Postby wendy » Sun May 19, 2019 12:08 pm

Some are faceting, some are stellations (ie extending the faces), and some are both.

The greater part come from that a 24-point group contains the vertices and faces of 3 tesseracts, and the vertices and faces of 3 16chora, or the group of 5 contains 5 vertices and 5 faces of a pentachoron. But the greatest of these has 5400 vertices, which really correspond to nothing in particular, nor do anything 600n, where n>1.

The real supprise here is that the bulk of the s/f groups (pentachora), pass through a bidecagon duoprism, the vertices of {5,3,3} split neatly into six of these in twelve different ways.

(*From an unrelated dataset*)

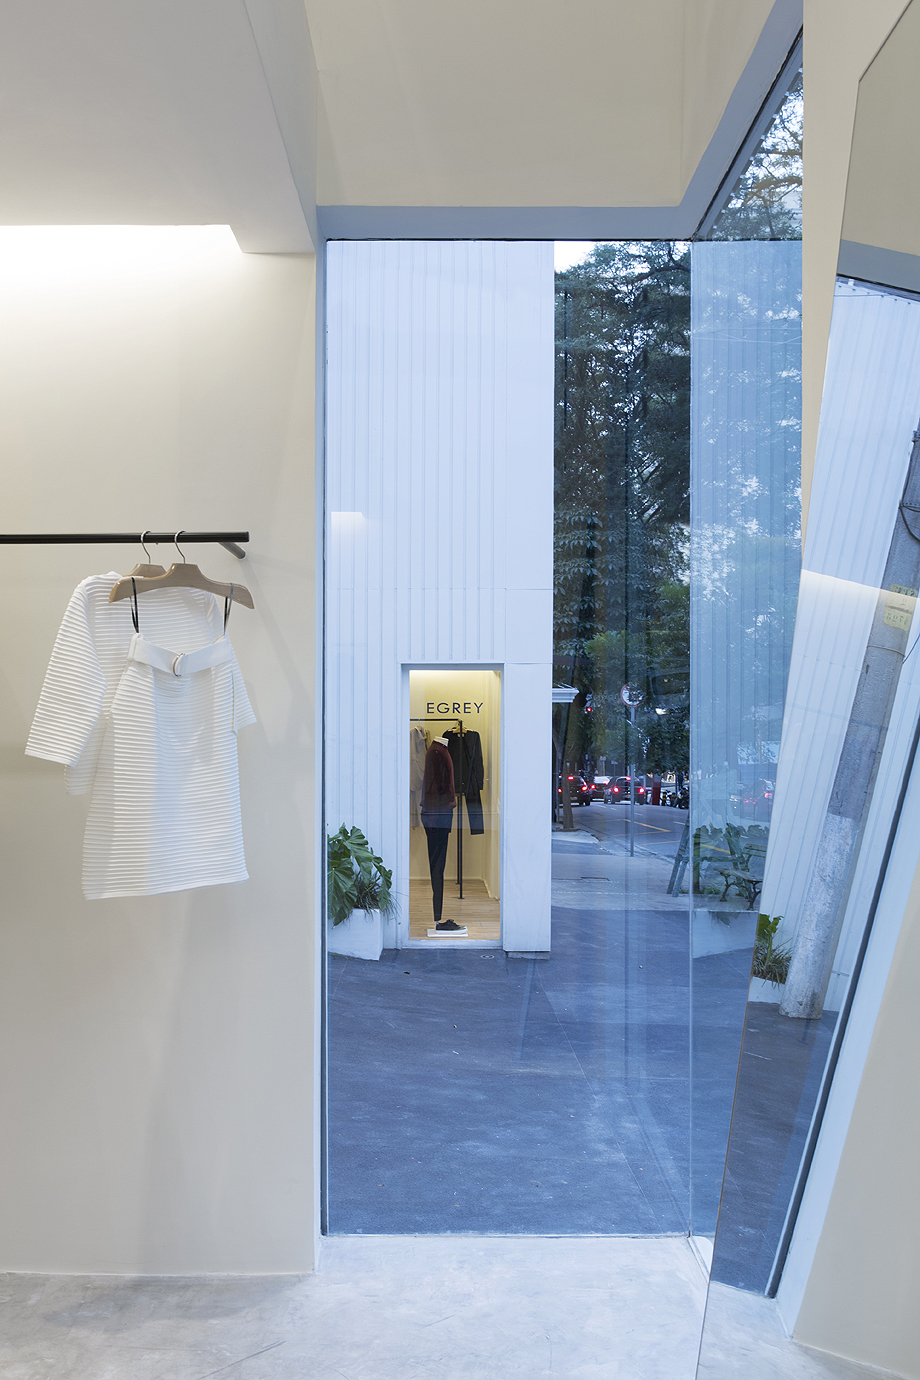 showroom egrey de mnma studio (14)

Only some of the simpler ones would appear as simple facetings. For example, if you take a {5,3,3}, and replace its faces with 5 cubes or 10 tetrahedra, you will end up with the compounds of 75 {3,3,4} and {4,3,3}. The five octahedra will lead to 25 {3,4,3}. But those in the non-special groups don't lead to much. Some of the vertex-lists are given: the compounds of 5n {3,4,3} are given as known CRF's. But the situation is worse than in 3d, as many of the figures in the extraordinary groups have many more vertices.

You can derive these by faceting, which is what Coxeter did. But unless you wrangle the colour-groups, you won't find anything like 1/2 of the total.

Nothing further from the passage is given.